To do: The reply must repeat the listing below exactly and carry none of its pictures.

[Opening Supplied data section]

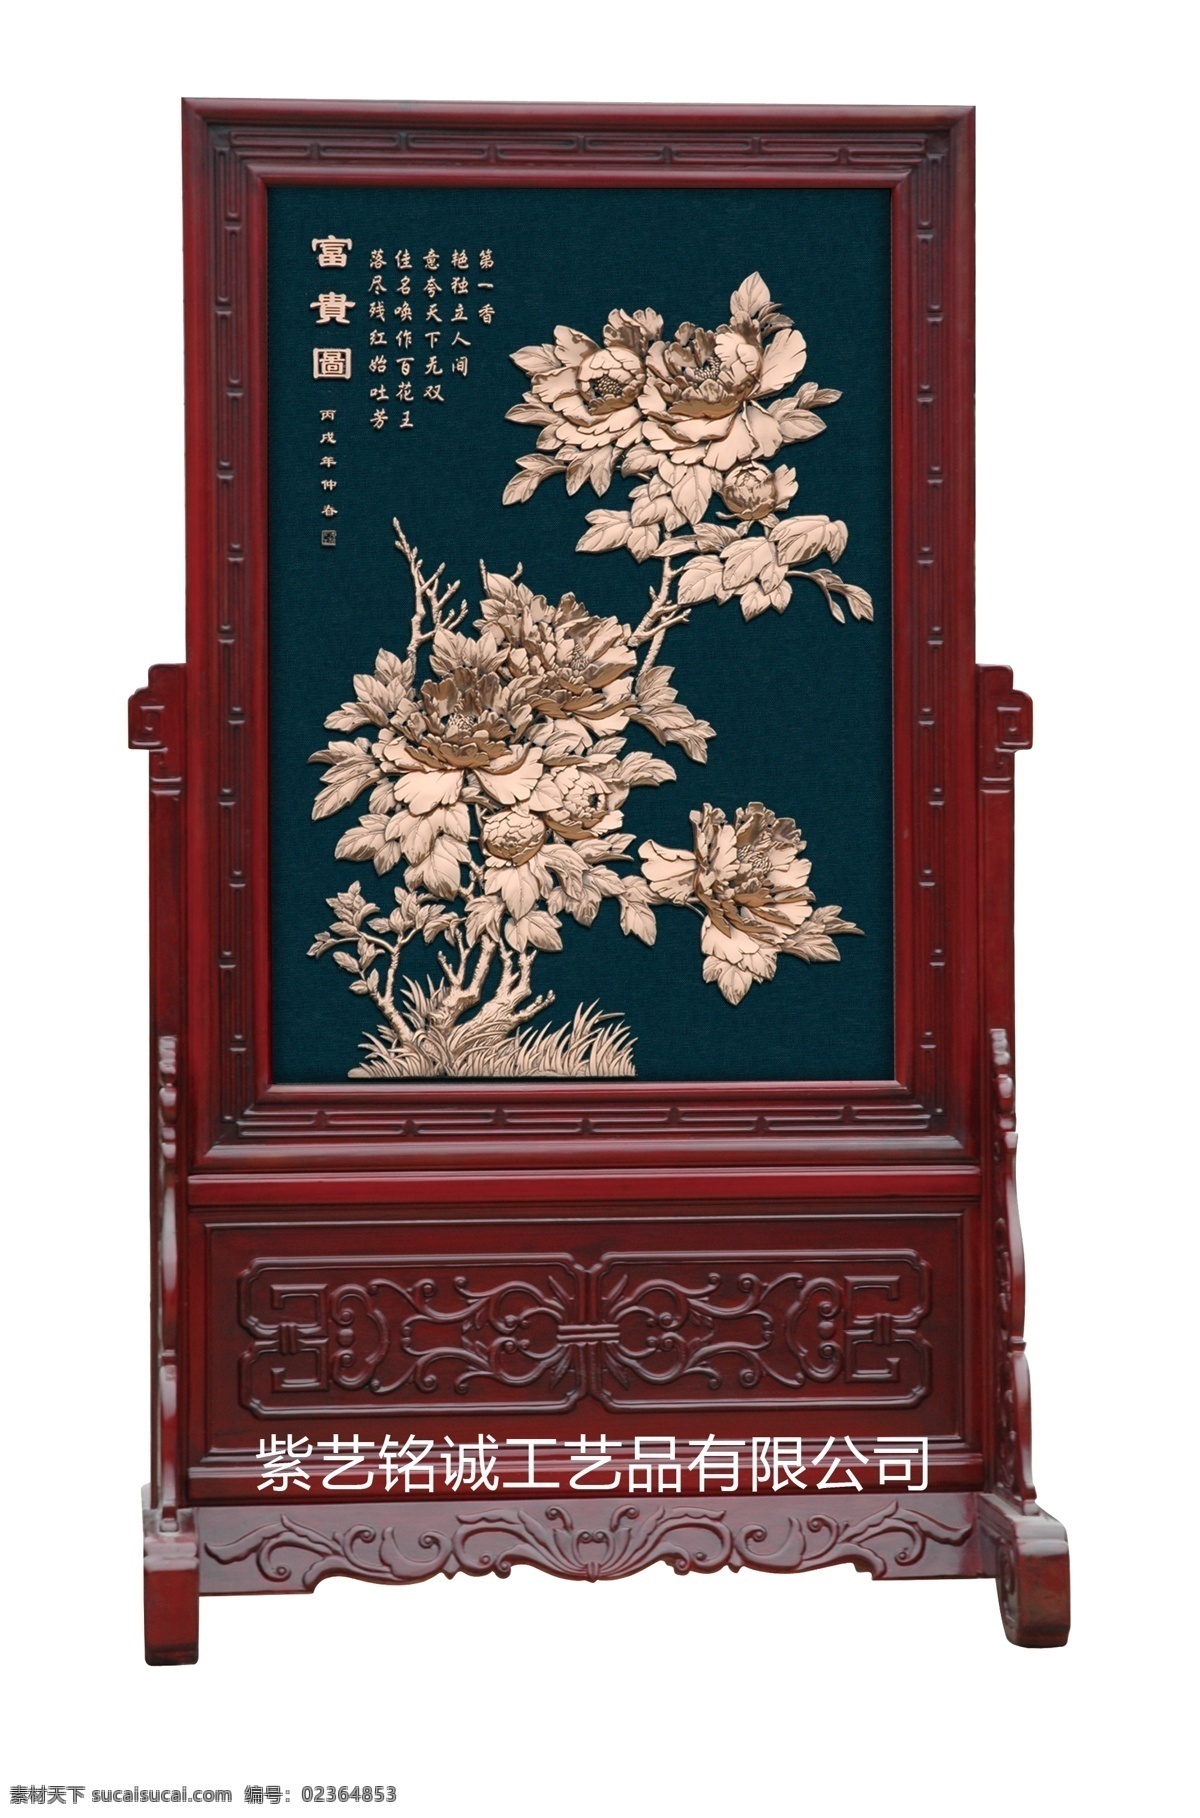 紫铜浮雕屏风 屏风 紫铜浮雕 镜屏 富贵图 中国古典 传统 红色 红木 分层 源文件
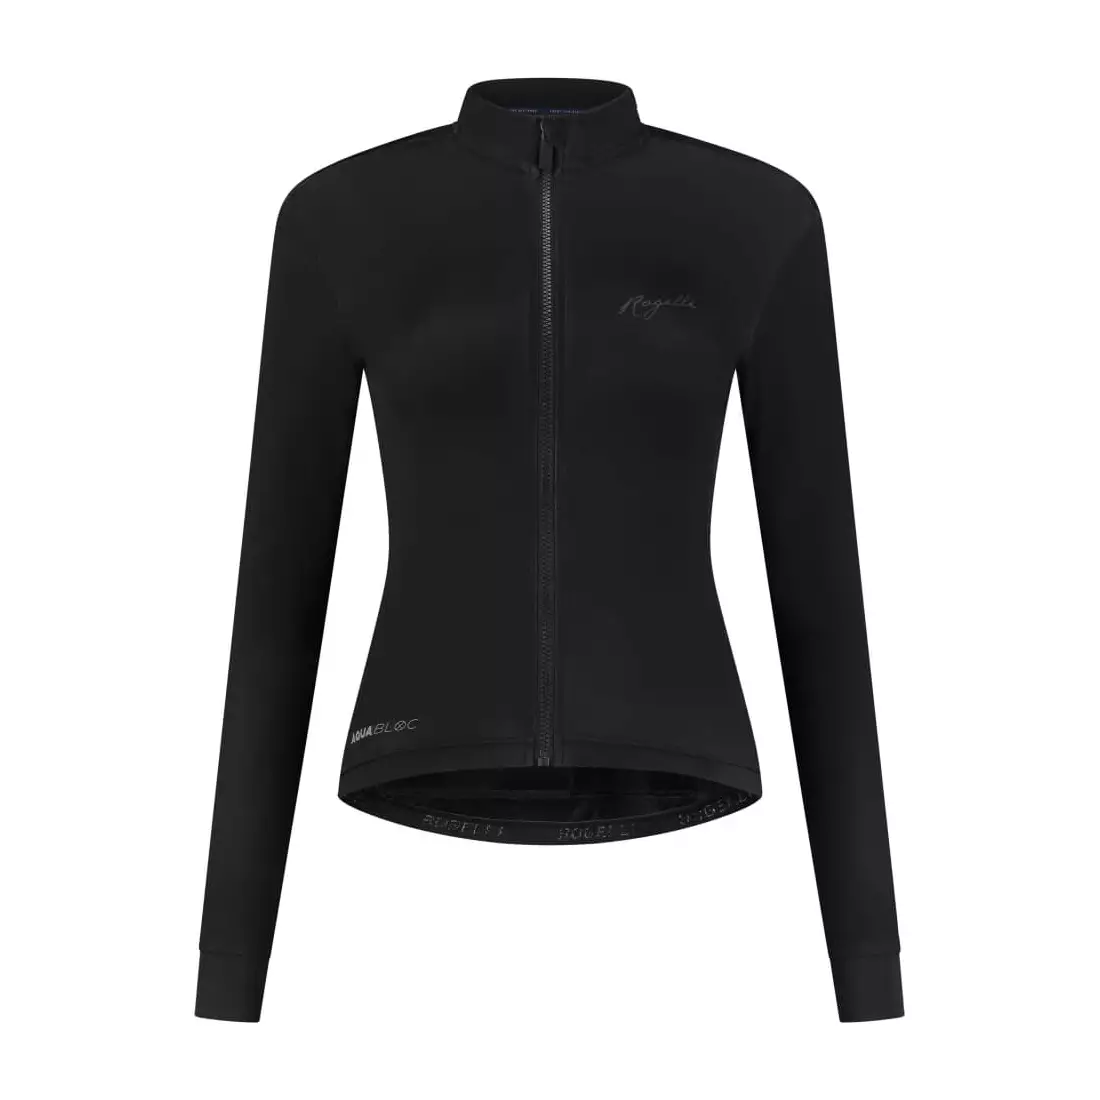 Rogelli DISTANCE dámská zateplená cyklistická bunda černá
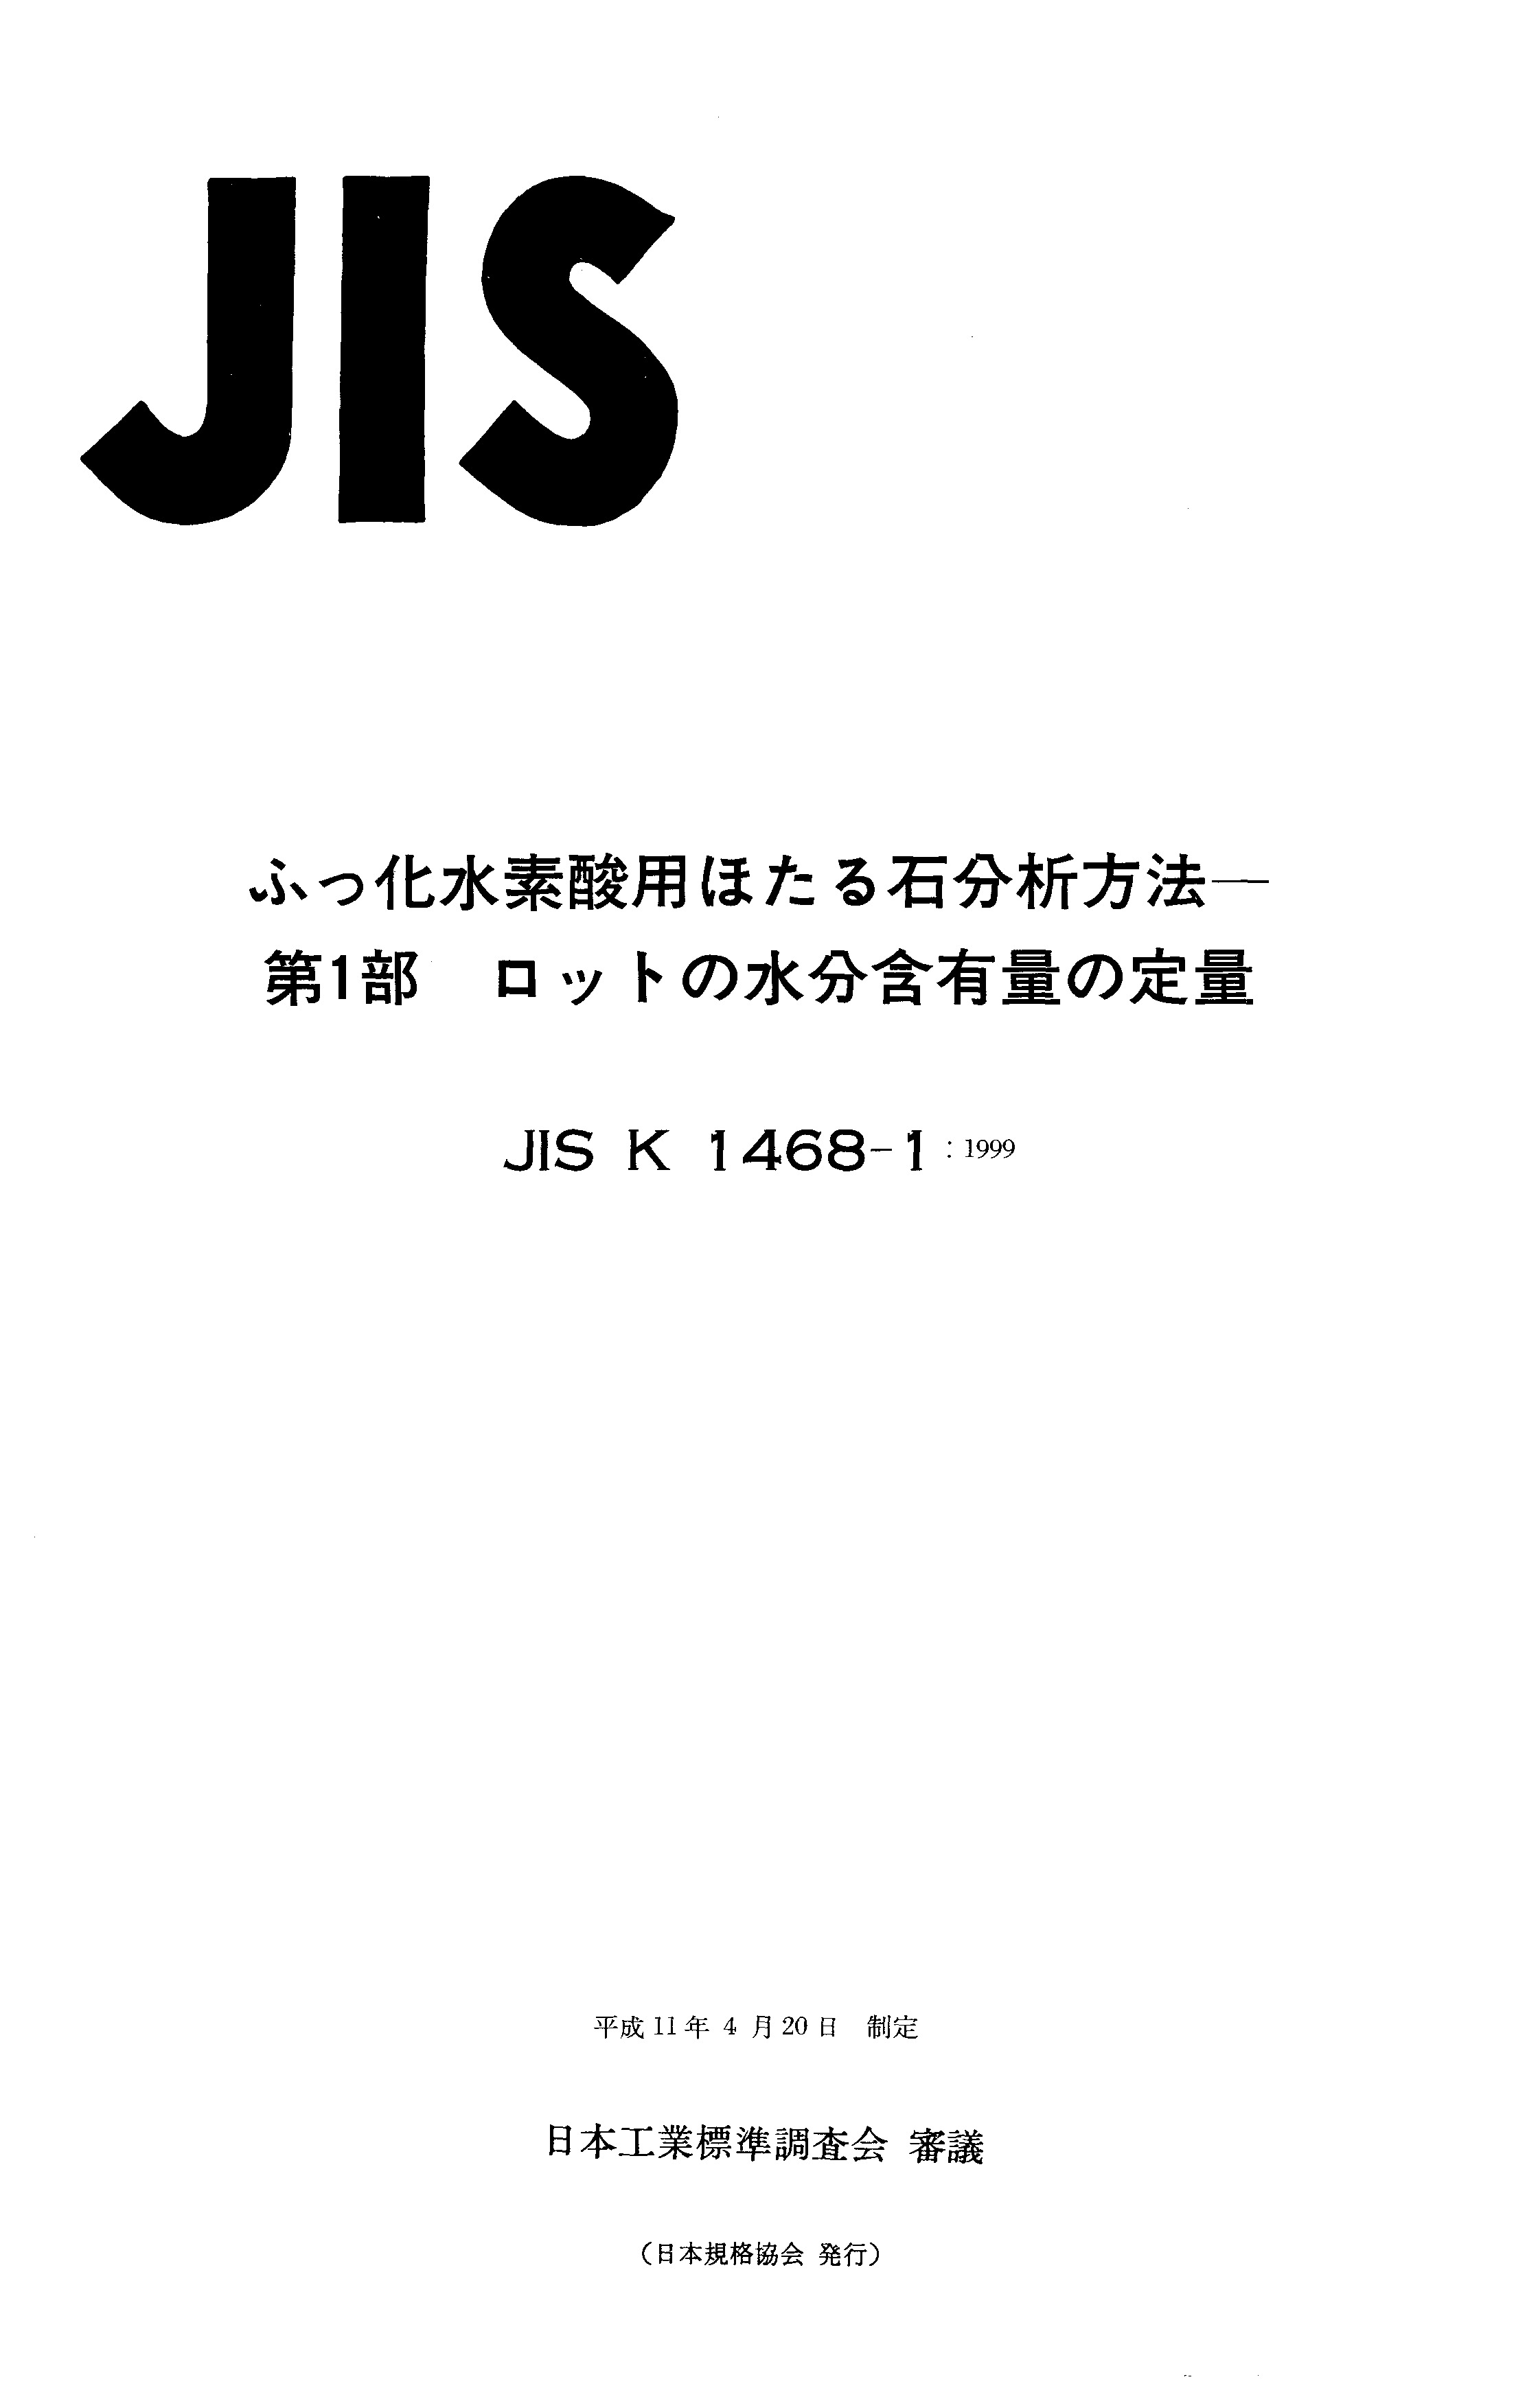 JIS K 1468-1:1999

[Closing Supplied data section]

Answer section:
 紫铜浮雕屏风 屏风 紫铜浮雕 镜屏 富贵图 中国古典 传统 红色 红木 分层 源文件
 Rogelli DISTANCE dámská zateplená cyklistická bunda černá
 JIS K 1468-1:1999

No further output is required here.